ЖАНРЫ

Семен Бабаевский. Собрание сочинений в 5 томах. Том 5
Шрифт:

— Кто тебя уполномочивал приглашать?

— Да ты что? Неужели ничего не соображаешь? — удивился Казаков. — Мы же можем заполучить удобрения столько, сколько нам надо. Ведь это же случай, и какой! Мы этого Добродина так приласкаем, что он изделается ручным!

Слушая своего заместителя, Барсуков хмурился и кривился, как от острейшей зубной боли. Ему казалось, что никогда он еще не смотрел на Казакова так удручающе мрачно и никогда ему еще не была так противна эта сахарная улыбка на мокрых губах и этот восторг, и он спросил:

— Так какое у тебя дело ко мне?

— Вот оно и есть, мое дело! — еще с большим восторгом ответил Казаков. — Да ежели мы заполучим Добродина, да ты понимаешь, что это такое? Вот я и хотел согласовать с тобой, утрясти вопрос… Мероприятие, Тимофеич, исключительно важное и нужное!

— Мероприятие? Ишь какое словцо! — Барсуков тяжело вздохнул. — От него и грустно, и смешно. Мероприятие! Смех!

— Да почему же?

— Потому, Нилыч, что никакого мероприятия не будет.

— Это как же понимать? — Казаков даже хихикнул от удивления. — Что значит — не будет? Ведь я уже пообещал, договорился на субботу. Надеюсь, в субботу найдется у тебя свободное время? Я сегодня же прикажу Конькову, чтобы все было на полном боевом взводе.

— И Конькова оставь в покое.

— Удивляюсь на тебя, честное слово… Да и что сие вообще означает? Поясни!

— Поясняю: мероприятия не будет! Ты что, Казаков, перестал понимать русский язык?

— Да, честно признаюсь, сегодня что-то совершенно тебя не понимаю. Как же теперь быть? Я пригласил Добродина, разговаривал с ним, все шло как по маслу… Не понимаю!
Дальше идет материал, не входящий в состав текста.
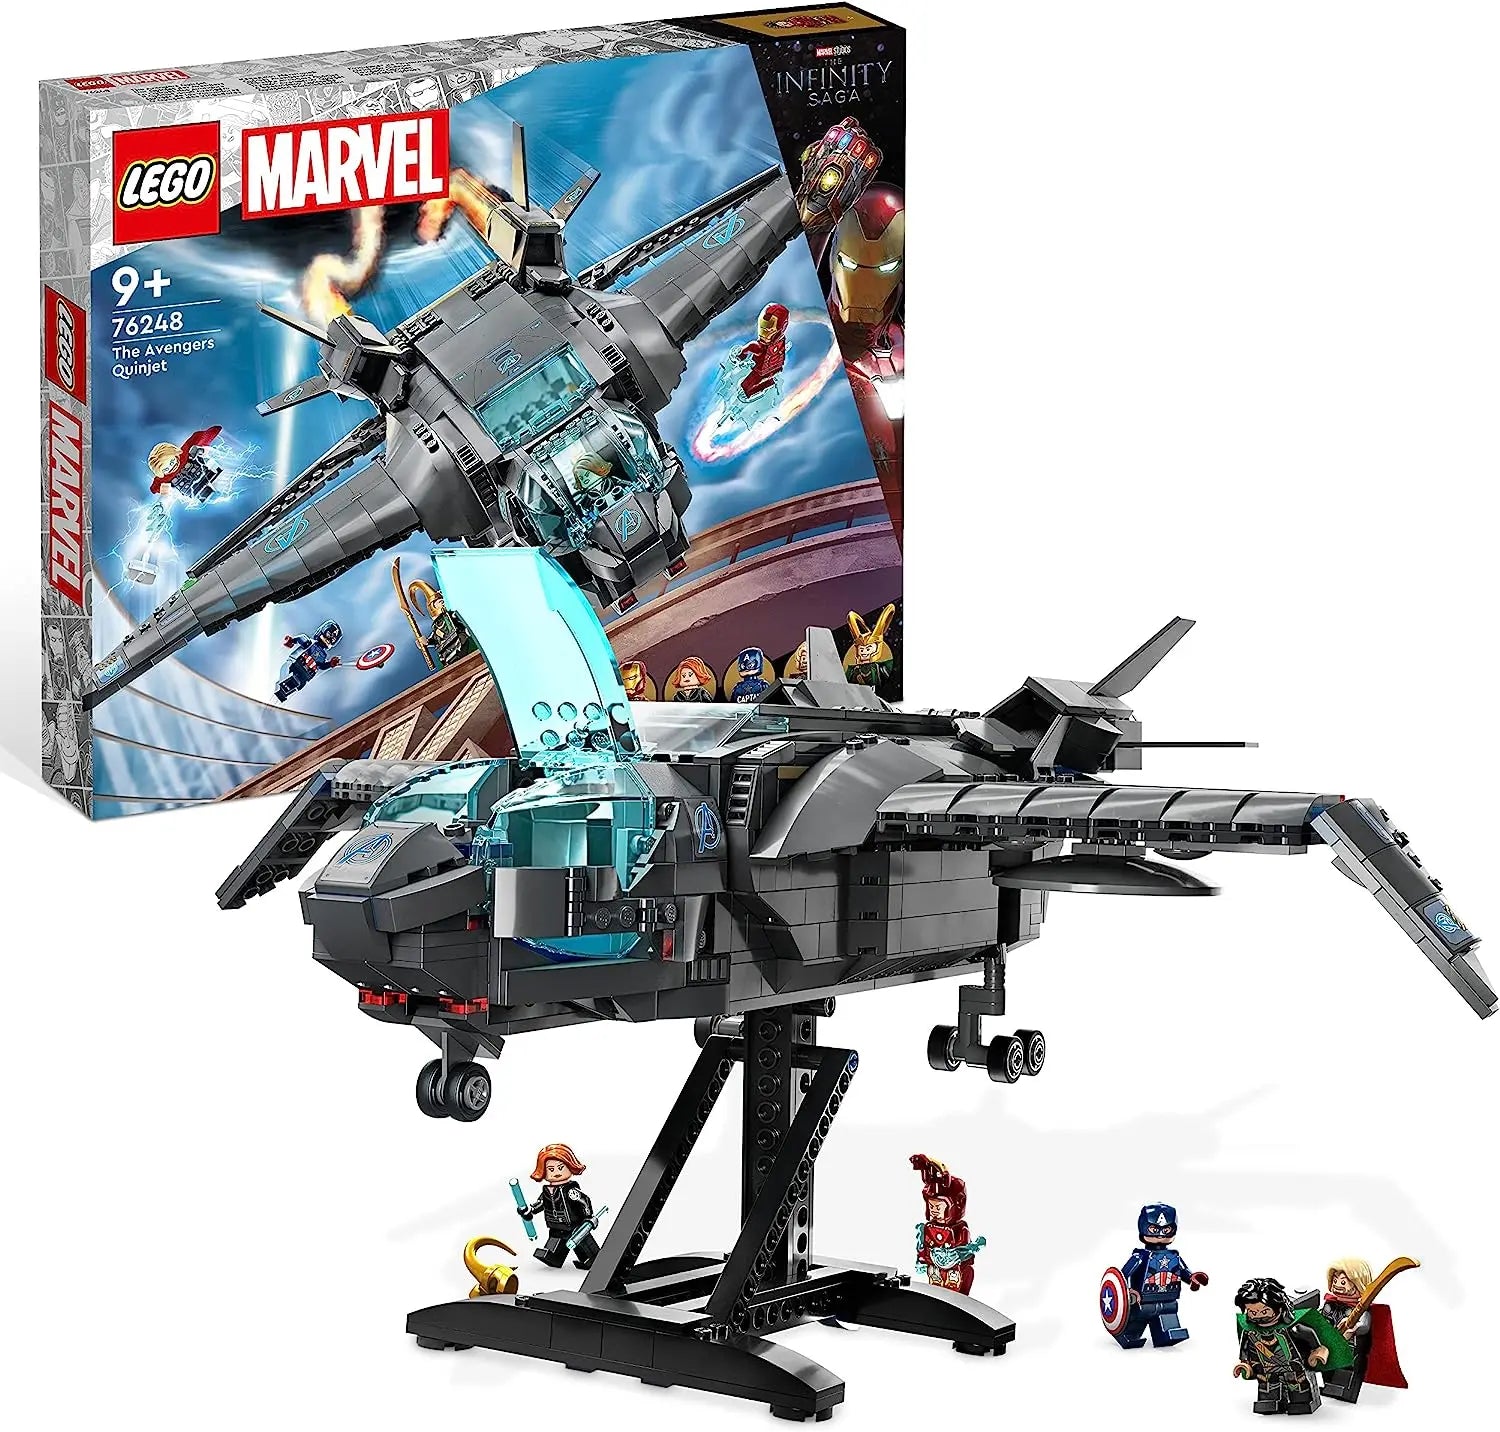 jouet LEGO Marvel 76248 Le Quinjet des Avengers, Jouet de Vaisseau Spatial pour Noël, avec Minifigurines Thor, Iron Man, Black Widow lego

— Отменяется и разговор, и обещание, — спокойно ответил Барсуков. — Сегодня же позвони в Рогачевскую и скажи гостю тактично, вежливо, как это умеют делать одни благородные люди и дипломаты, что ты извиняешься. Так, мол, и так, произошла досадная ошибка насчет Казачьего куреня. И тут же без обиняков скажи, что никакого Казачьего куреня в «Холмах» никогда не было и нет и что слухи, дошедшие до Степновска и до Добродина, ложные слухи.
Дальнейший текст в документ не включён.